## Data segment
◆ ◆ ◆ ◆ ◆

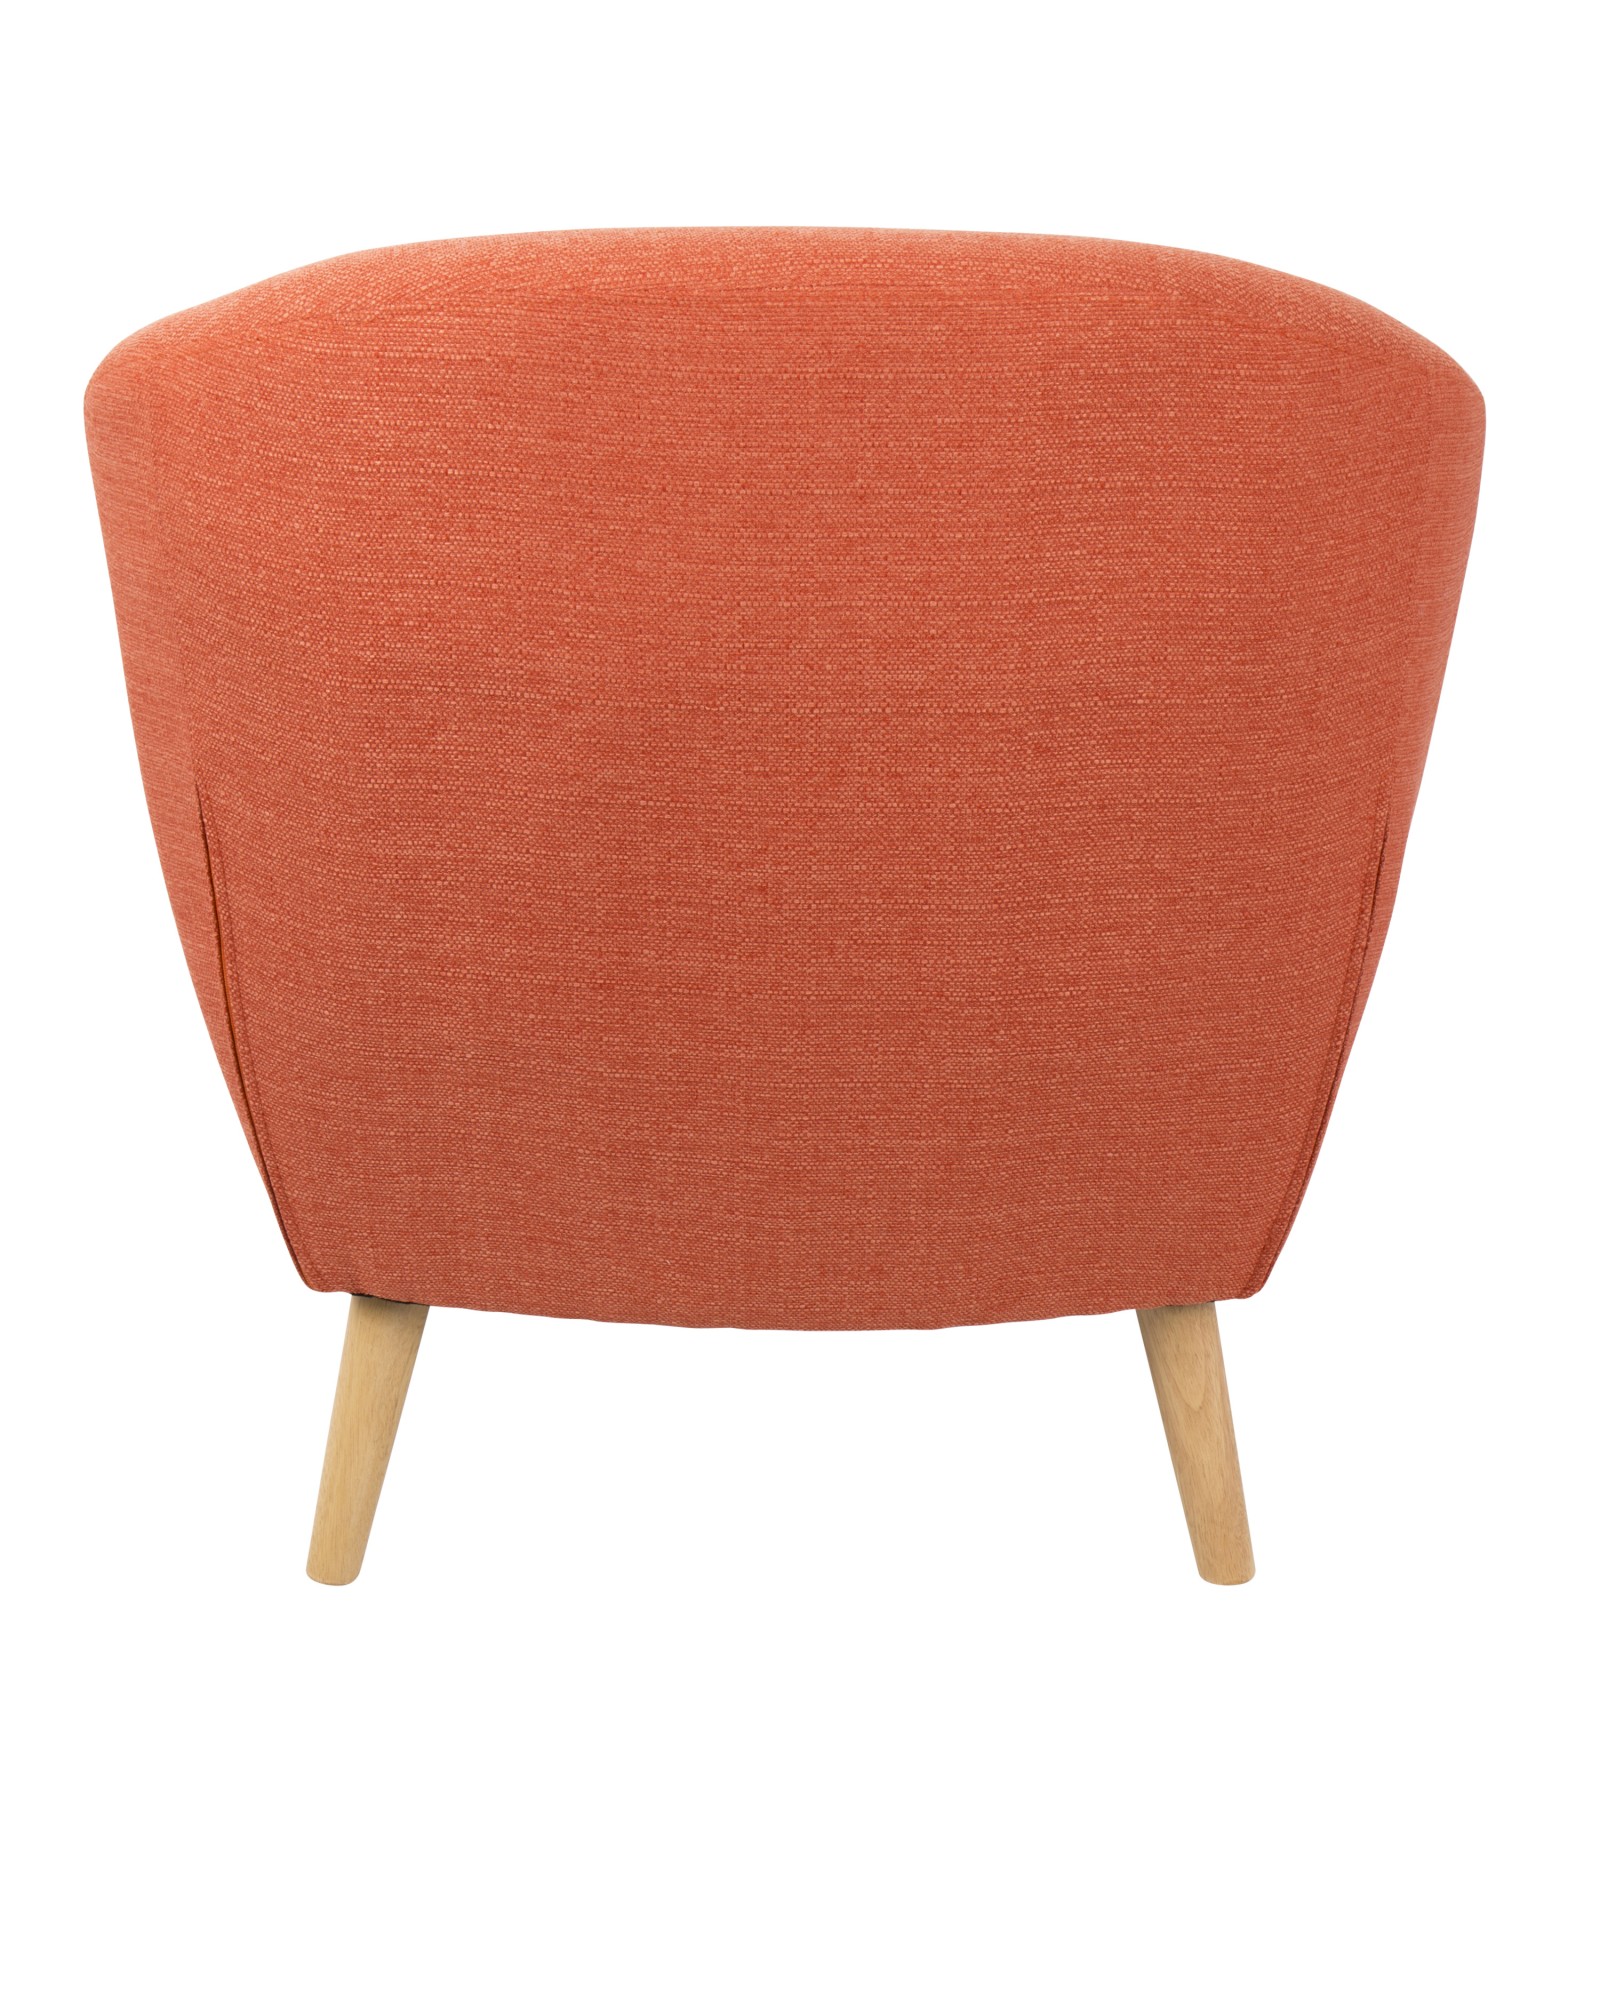 Rockwell Mid Century Modern Accent Chair in Orange
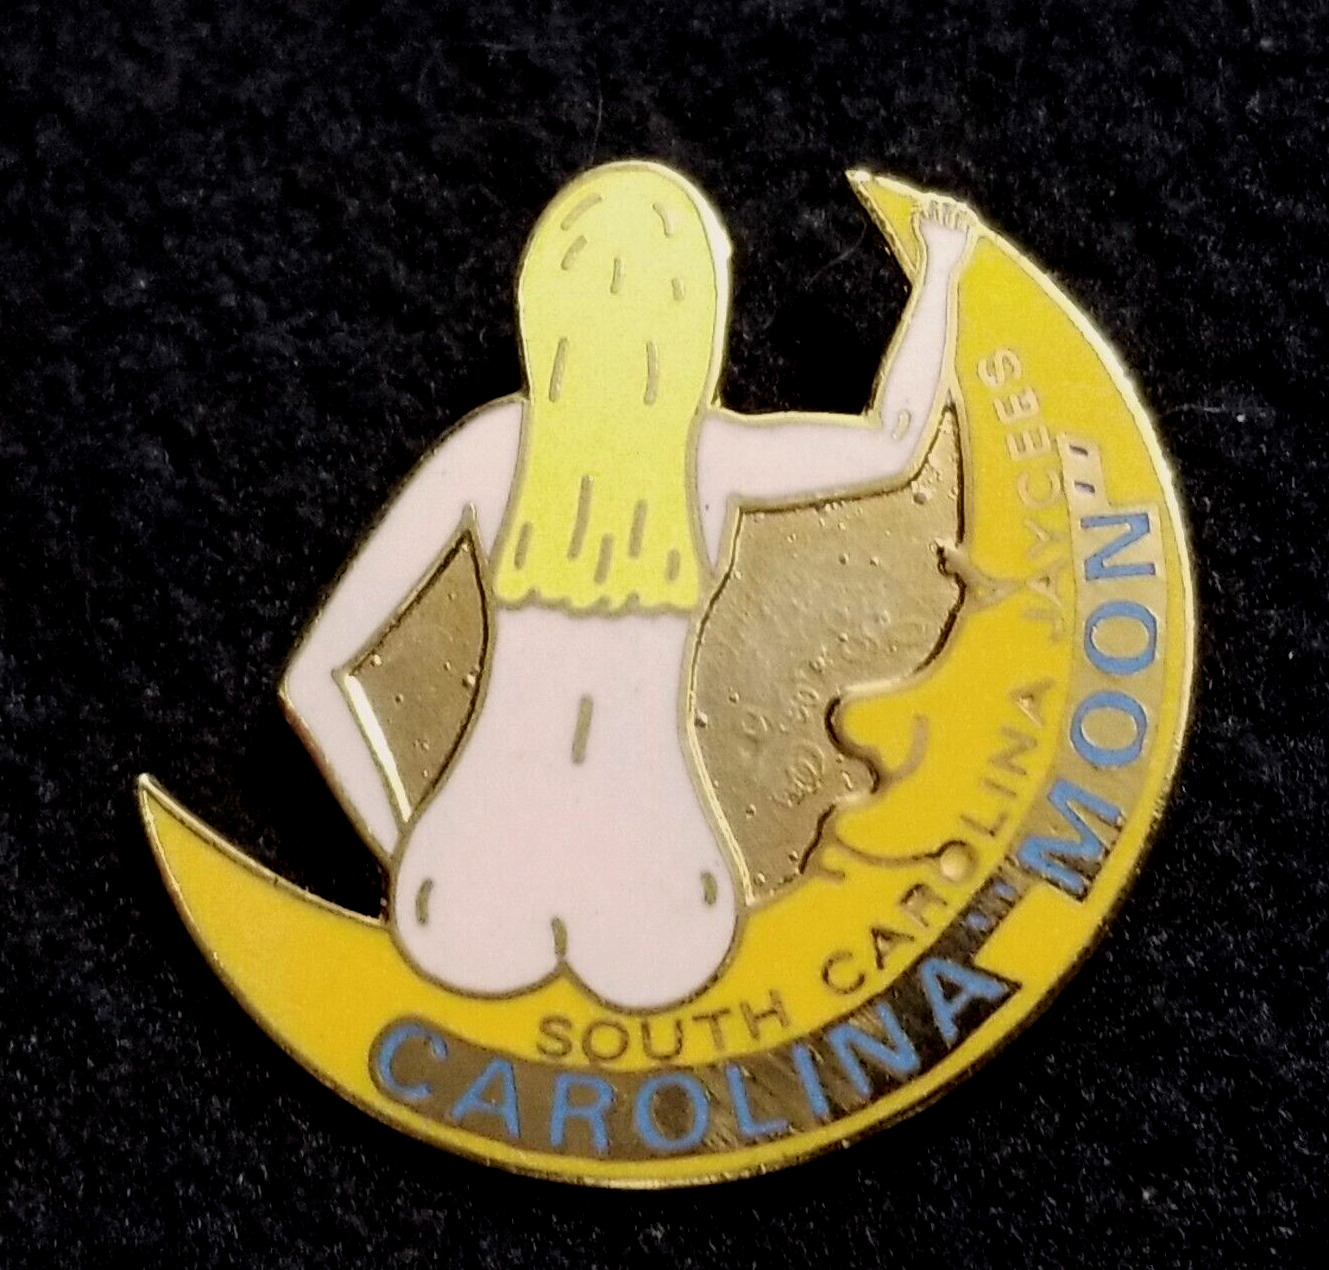 CAROLINA MOON South Carolina Jaycees  Pin Blond Girl Cheeks on Moon Collectible
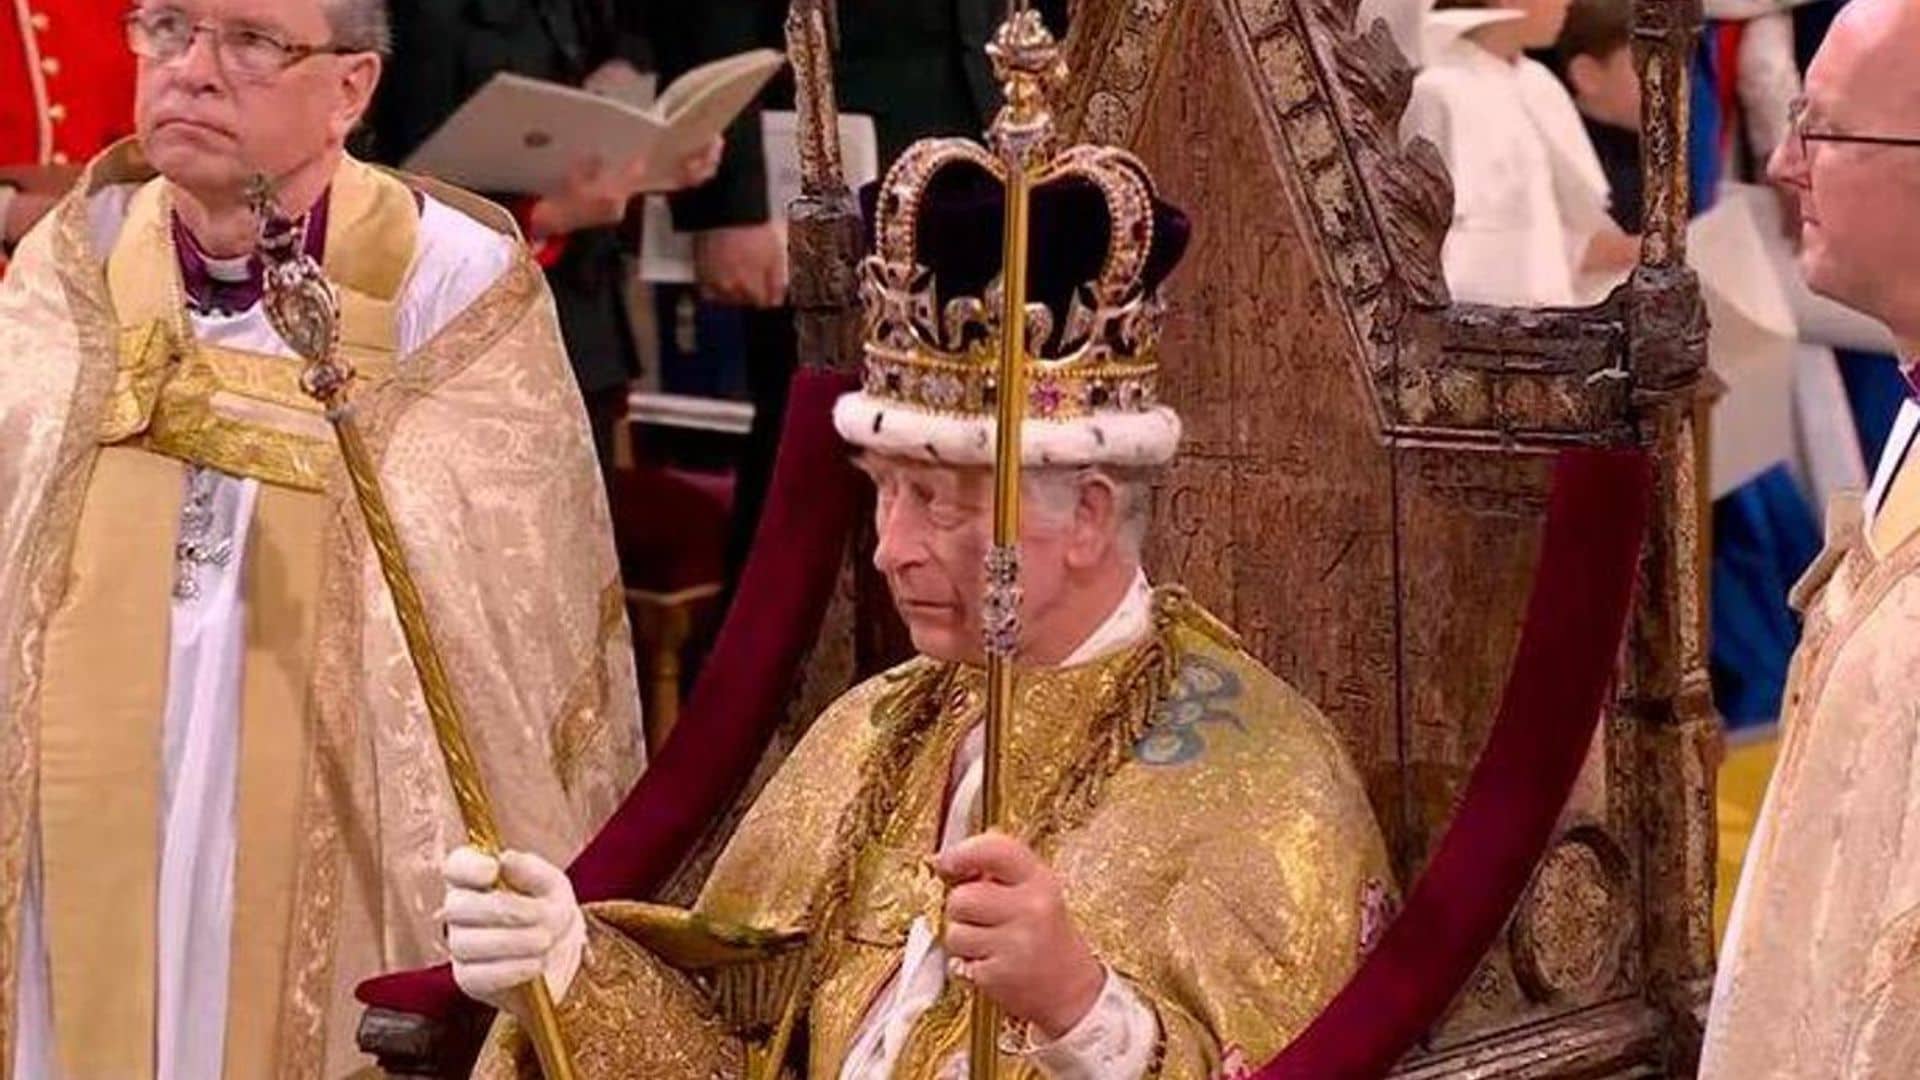 King Charles III crowned as King of England
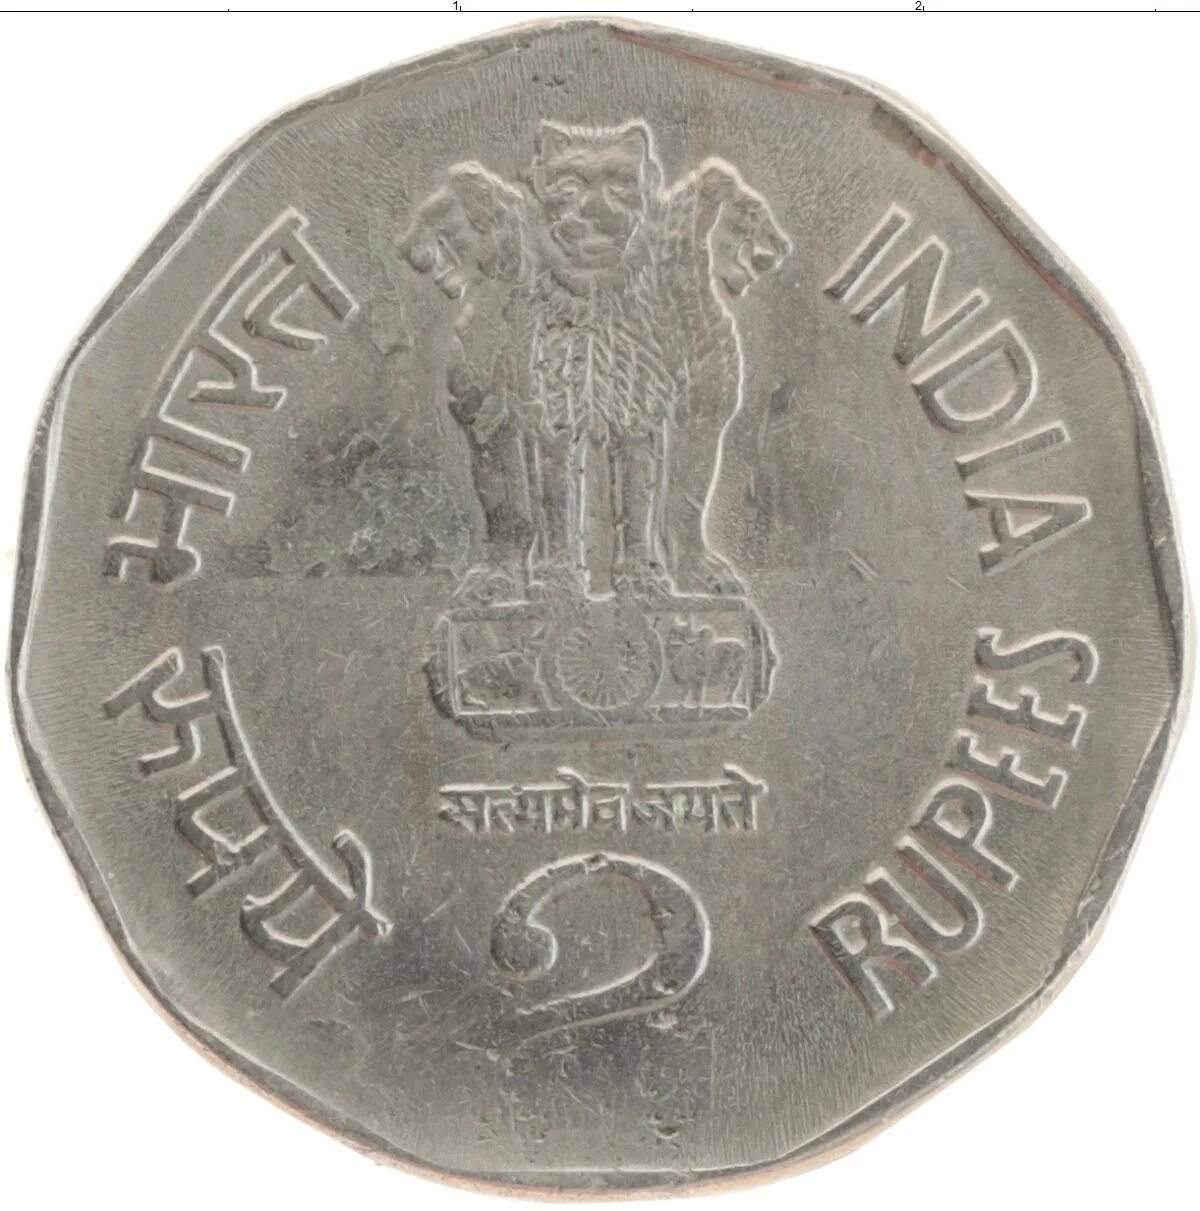 Монеты Индии. Монеты Индии 2 рупии. Монета Индии 2 рупии 2013. Индийские монеты 1818 года.

◆ ◆ ◆ ◆ ◆

An exact printout of the listing is needed, minus any pictures it contains.

 Rockwell Mid Century Modern Accent Chair in Orange
 CAROLINA MOON South Carolina Jaycees  Pin Blond Girl Cheeks on Moon Collectible
 King Charles III crowned as King of England
 Монеты Индии. Монеты Индии 2 рупии. Монета Индии 2 рупии 2013. Индийские монеты 1818 года.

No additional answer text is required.